Though, as you mentioned it, with proper key login and disabling password there's no reason for not sleeping at night, let alone to move ssh to port 202 or else.
-
Thank you all, for this wonderful conversation. I really enjoyed reading that. What I take from it, is there is many things you can do, but the question remains: what should be done, also in terms of the product Cloudron itself.
Since I've been confronted with a bunch of abuse-report myself that started yesterday, I checked all the apps and their stats, respectively for an abnormal behavior. The traffic had surged to roughly 1gb per hour, which could be seen in the providers traffic-reports, but the system itself incl. every single app I checked, the network-io for the past 7 days was totally normal (read: low to non-existent).
That way, I was NOT able to find the app in question. Also, I missed a feature, where I could overlay ALL active apps in one graph to sort out, which one of them is the most active or verbose one, in regard of network-traffic. So that would be a nice addition to the admin-panel, e.g. the System-Info page, where it shows some graphs, even lists all apps and their corresponding disk-usage, but a networking information would be helpful here, I guess.
Out of despair, I allowed myself to install nethogs and bmon via apt as root on the server, against the advise but figured it would not hinder or hurt the installation, as it usually is not creating any conflicts. Please advise, if I'm wrong on that for any reason.
But the traffic that occurred was not captured on the cloudron network-io graph for reasons that I can not explain. What I found was a compromised Wordpress-installation that had malicious scripts on them. I de-activated the app in question and wonder if that fixes the issue.
The traffic has been not constant up, but 3-4 hours at 1-2 GB / hour and then nothing again, for another 3-5 hours. So it is harder to track and needs some monitoring and observation.
Additional information: I had a provider-based firewall active, so only ICMP was allowed, as well as port 80/443. ssh was blocked (I turn it on, when I need it). All outgoing connections are allowed, obviously. All Email functionality is set to outbound only, with the logs not showing any weird behavior as well.
tldr - open questions:
- How can the network graph not show the traffic, that was generated (if it was the Wordpress in question, that is still unclear)
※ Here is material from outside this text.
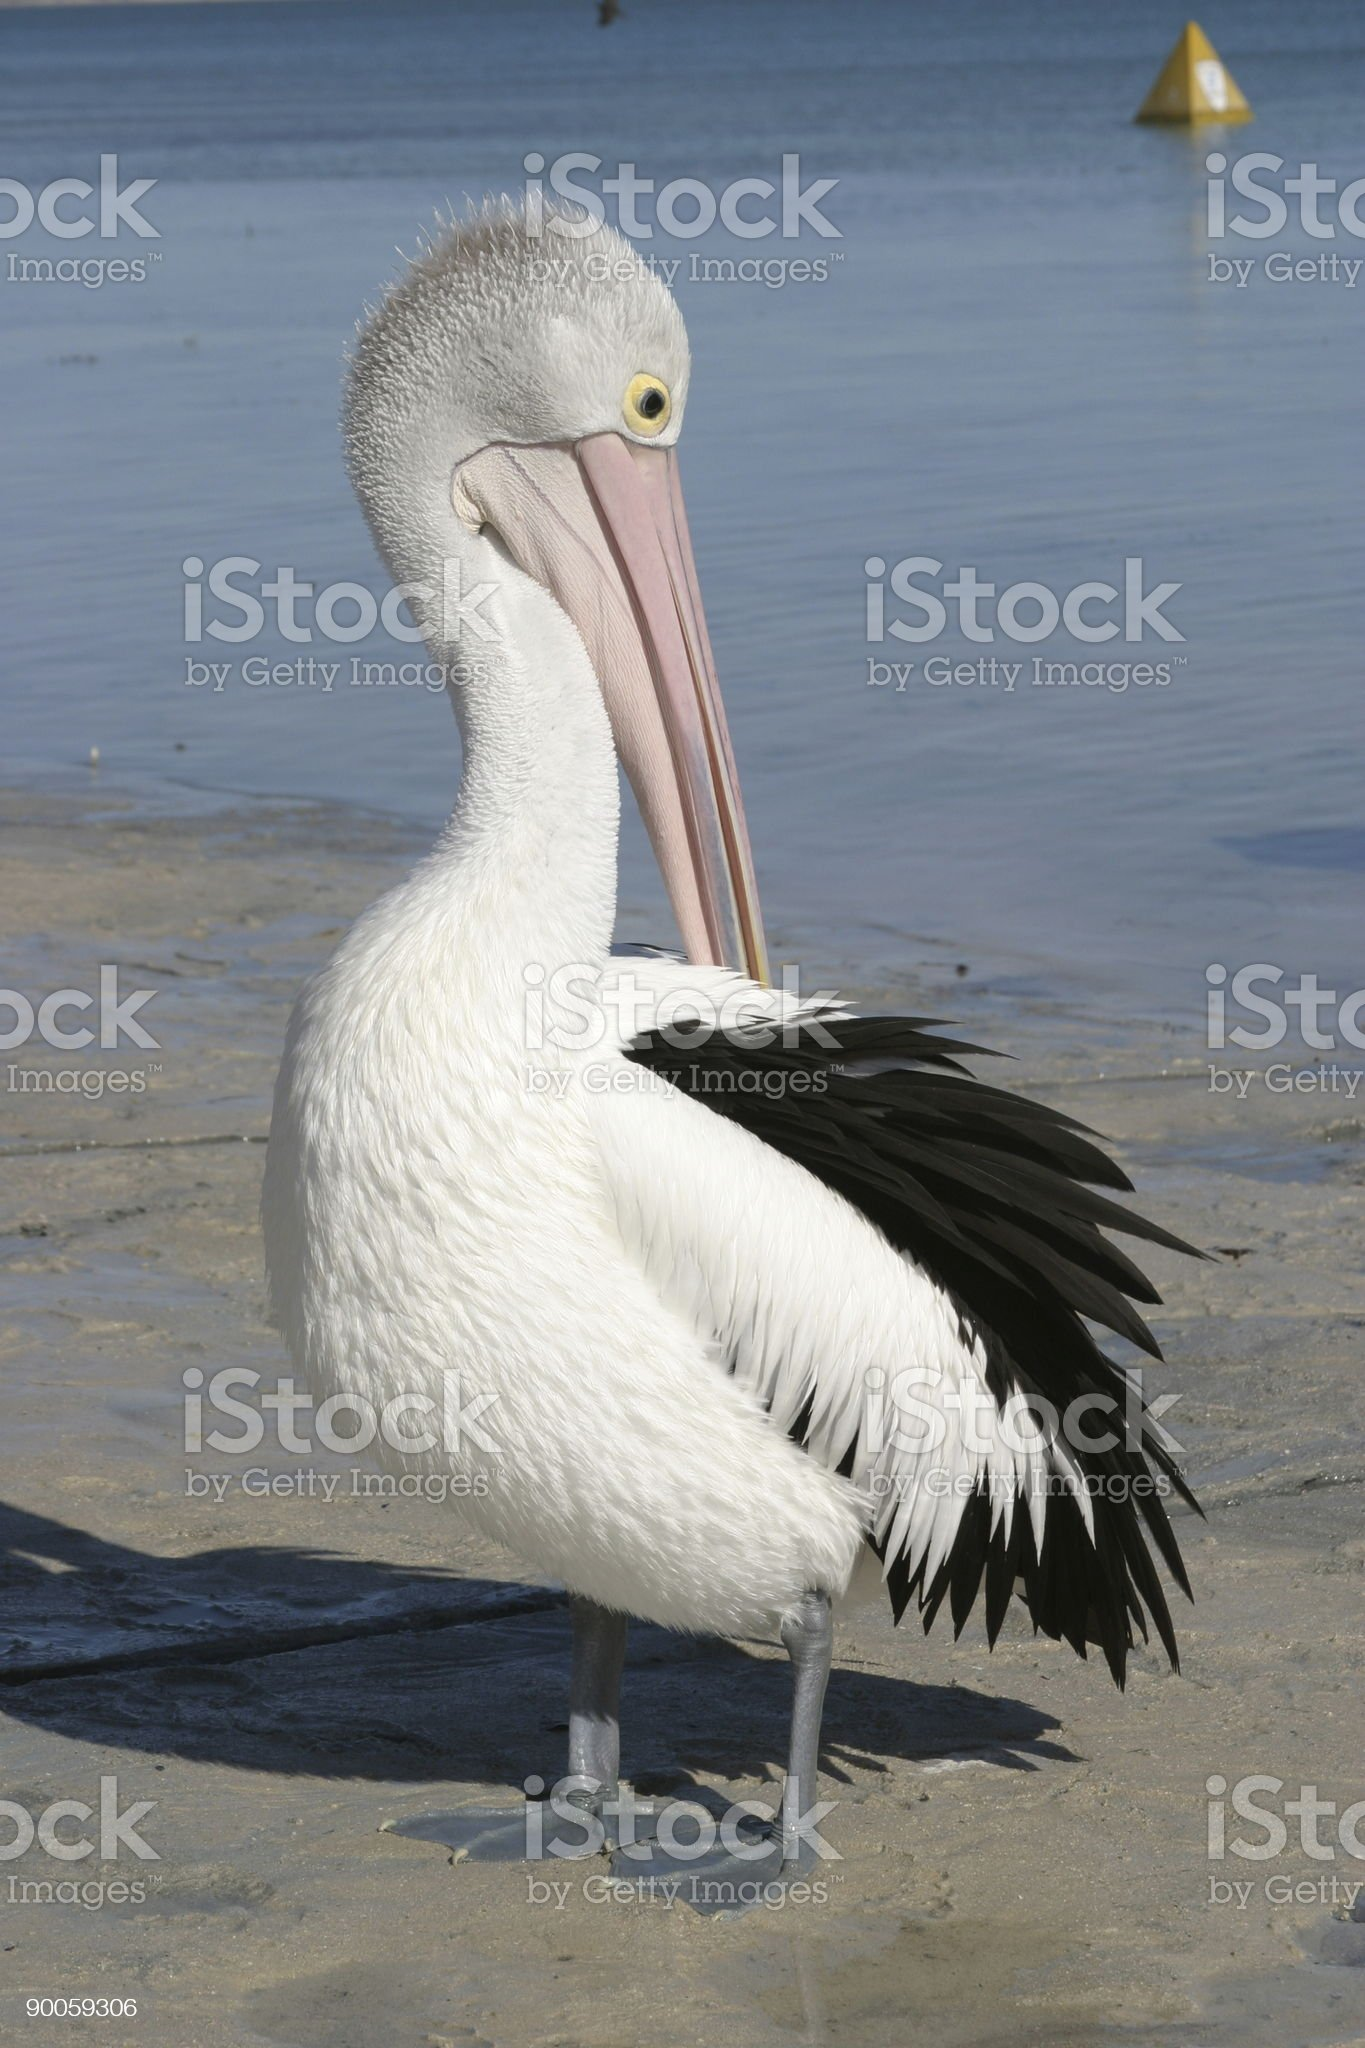 Pelican  on beach royalty-free stock photo

- Please add a multi-app network monitoring graph (or even more stats) to compare apps with another and find those, that take more resources
- Is there a way to monitor network-usage of the system itself, that are not from the apps?
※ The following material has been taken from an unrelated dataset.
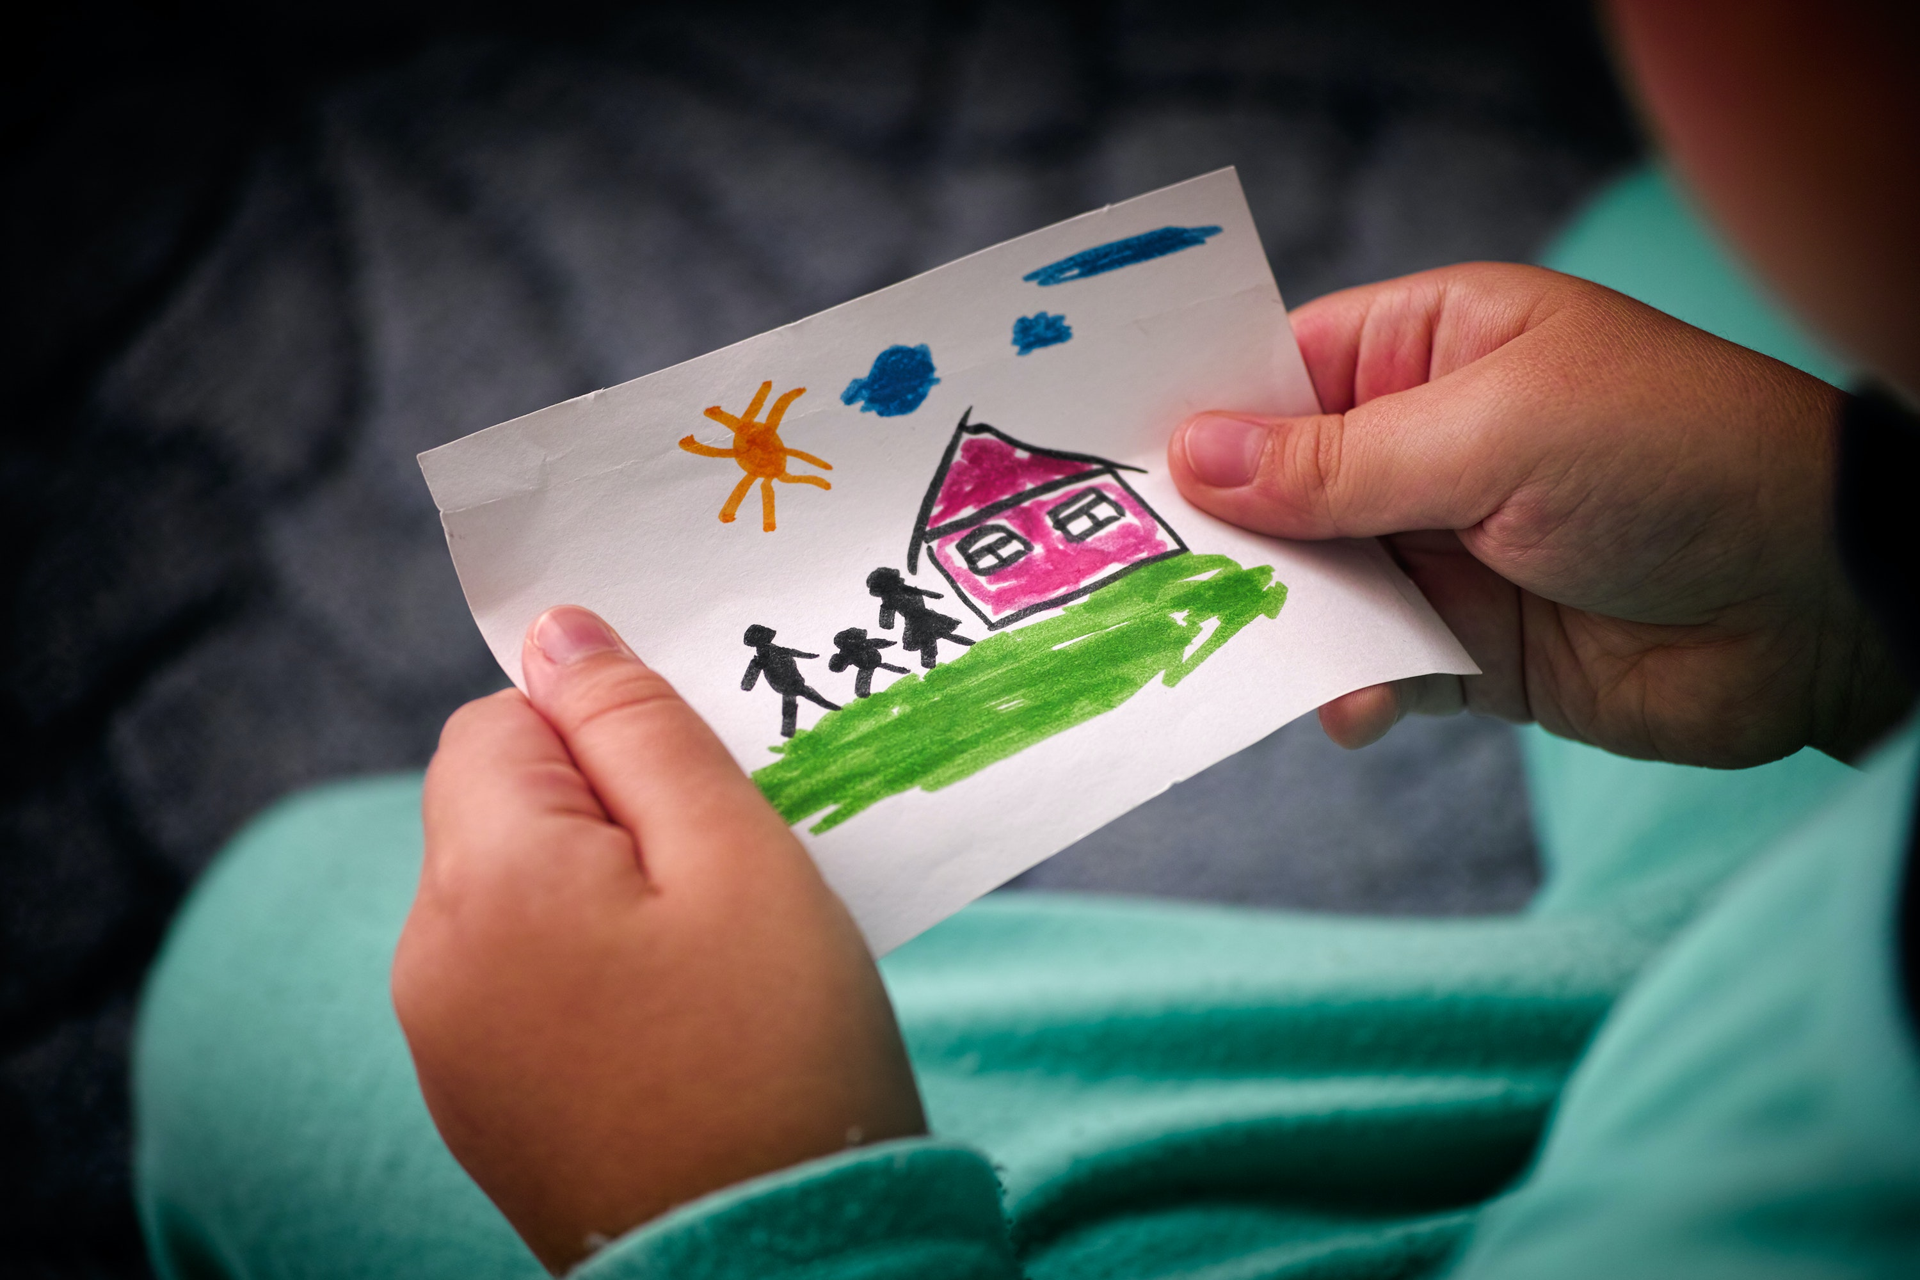 The US adoption system discriminates against darker-skinned children

- How much impact can be expected, if little monitoring helpers are installed via apt (as root) on a Cloudron that could hurt future maintenance?
Thank you so much for your attention.
-
There is a new HTTPS/2 DDoS attack that is cheap to use. It doesn't affect apps since it only goes as far as the Nginx reverse proxy for which we have no stats from Cloudron.
Since your WP instance was compromised, it could have been the one that leaked your IP/subdomain to the botnet which then tried to use it unsuccessfully.